Securities firms used to be an easy read for analysts and big institutional buyers: Take a hard look at trading and underwriting revenues. Next, decide whether earnings were volatile enough so the stock might trade at a discount to the market. Then, check out asset management.

Its that last step that is rapidly changing. As the big brokers grow bigger and take on global asset management, analysts find themselves considering new variables. But are the securities firms really any different? Are they transforming themselves? Absolutely, experts say.

Theres a massive amount of pushing to grab assets, says Louis Navellier, a money manager in Incline Village, Nev. If you look at the wholesale rate for trading--four-tenths of a cent--you can understand why.

In the past 10 years, Merrill Lynchs numbers show a gradual decline in sales and trading as a portion of total revenues, says Hal Schroeder, senior financial services equity analyst at Keefe Bruyette and Woods in New York. Its not because theyre doing less of that business, but because asset management has become relatively significant.

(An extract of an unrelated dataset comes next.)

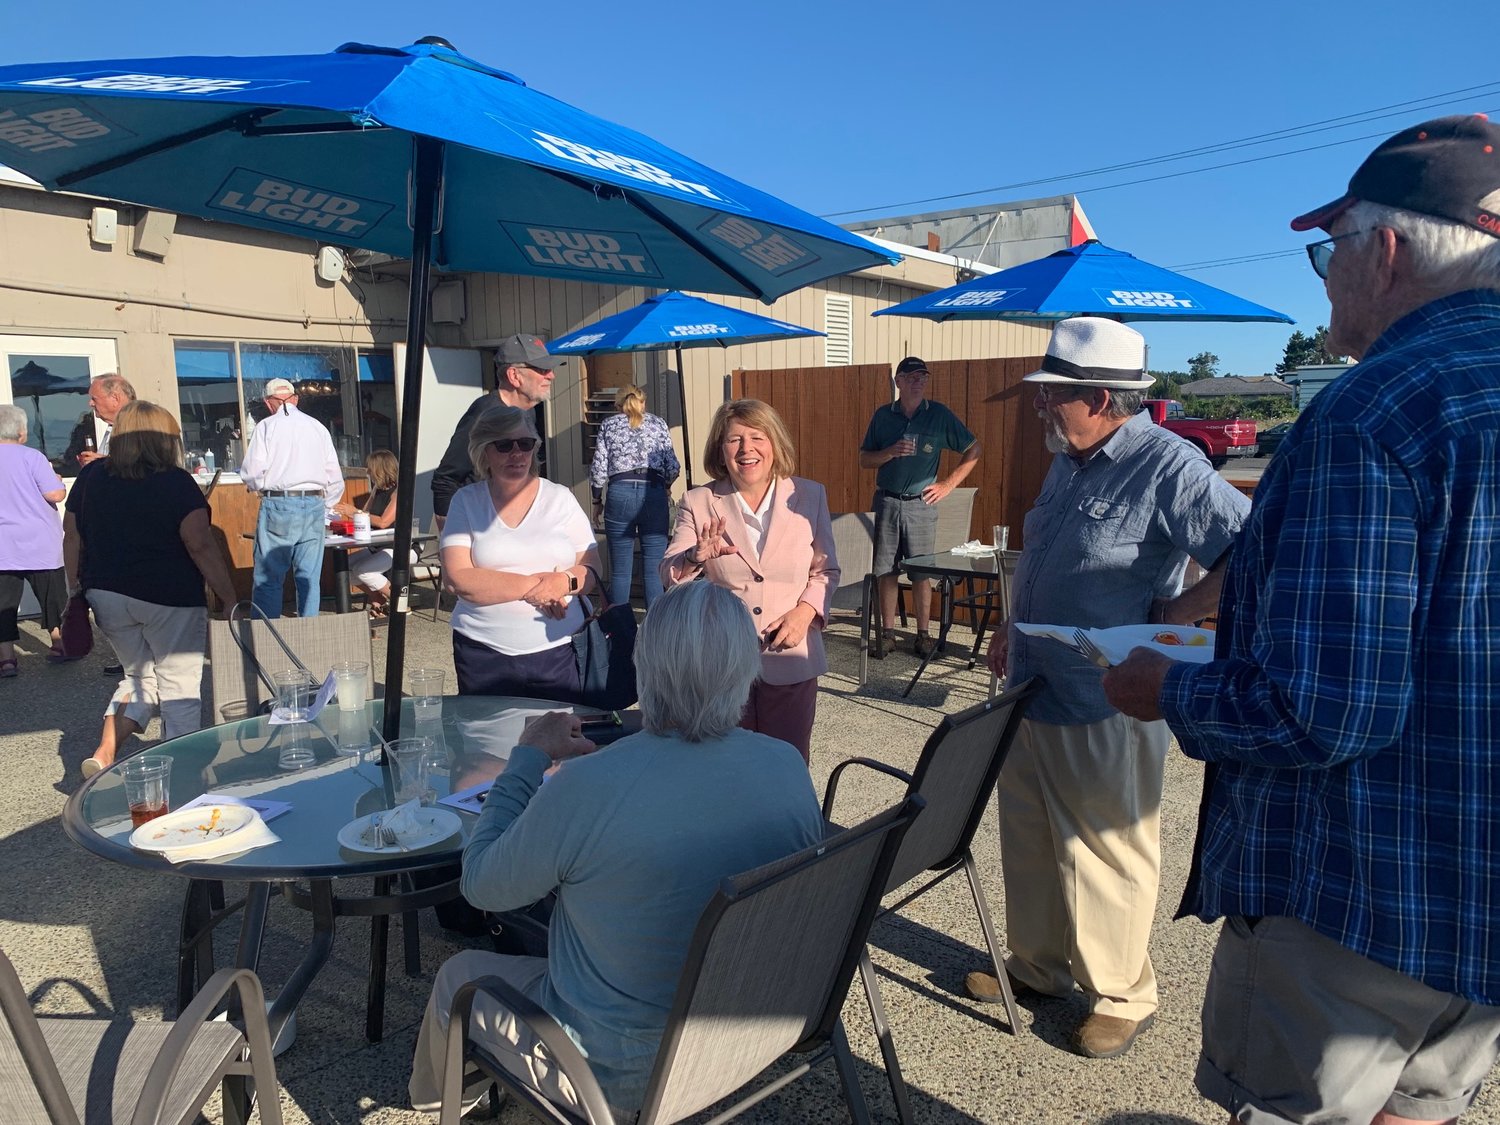 Lisa Brown, director of Washington state department of commerce, was the featured speaker at the Point Roberts Taxpayers Association’s annual general meeting on July 21. Among other issues, Brown discussed how communities such as Point Roberts could successfully emerge from the pandemic.

Analysts value earnings from asset management as an annuity business, Schroeder says, assigning it a multiple of 25 to 30 times earnings, compared with the typical 15 to 16 times earnings assigned to firms other revenue sources. He says securities firms overall multiples will be boosted as asset management revenue increases.

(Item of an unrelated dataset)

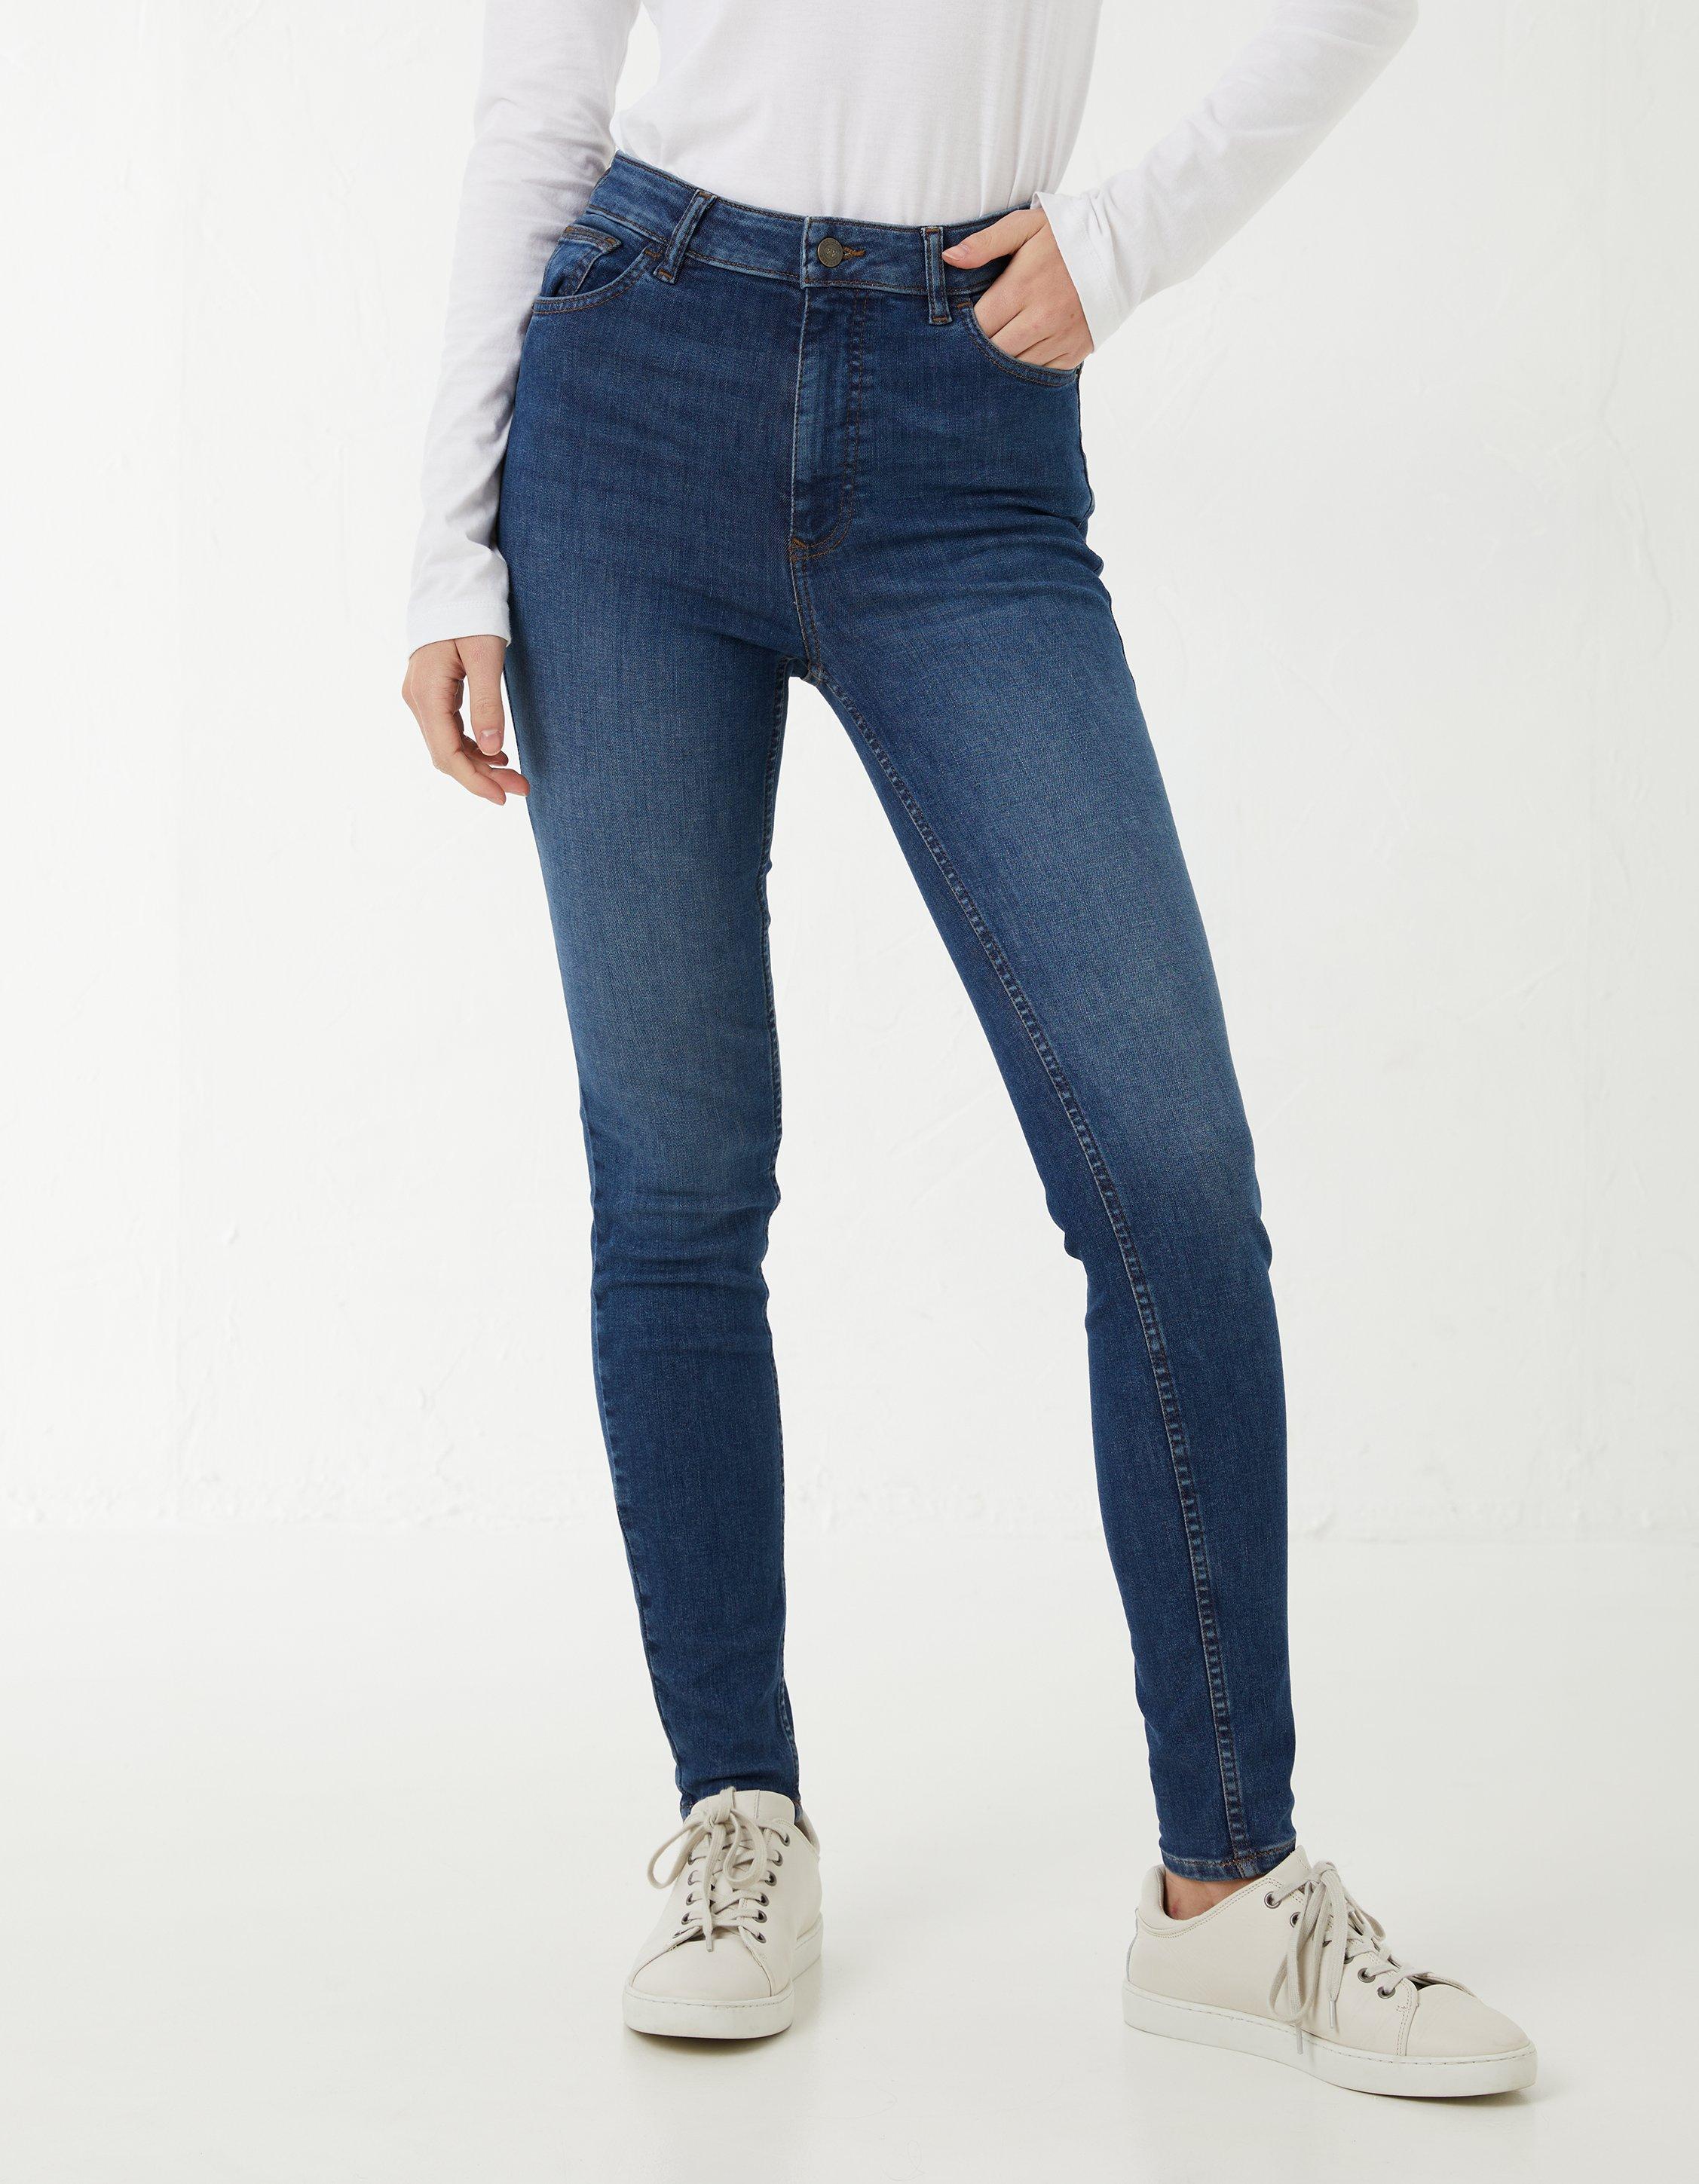 Harlow High Waist Stretch Skinny Jeans, Jeans & Dungarees | FatFace.com

But theres still a big gap in how firms such as Charles Schwab trade and how wirehouses trade, Navellier says. Schwab trades at about 26 times earnings, with its OneSource program successfully dampening earnings volatility. Wirehouses trade at around 14 times earnings, still impacted by trading and underwriting volatility. However, Navellier says the gap is closing. Wirehouses will be priced more like mutual funds and banks, he says. Their P/E ratios should go to the low 20s.

Michael Flanagan, an independent brokerage analyst in Fort Washington, Pa., predicts global expansion might destabilize wirehouse stock prices in the short term. Weve seen a couple of times with Merrill where its shares suffer a downtick whenever it makes a long-term [global] investment that even hints at short-term dilution, he says.

Even if wirehouses successfully build global asset management, dont expect market perceptions to change easily, Flanagan says. I still see brokerage stocks trading at a significant discount to the broad market, he says. They still suffer from the Rodney Dangerfield syndrome, despite markedly improved quality of revenues.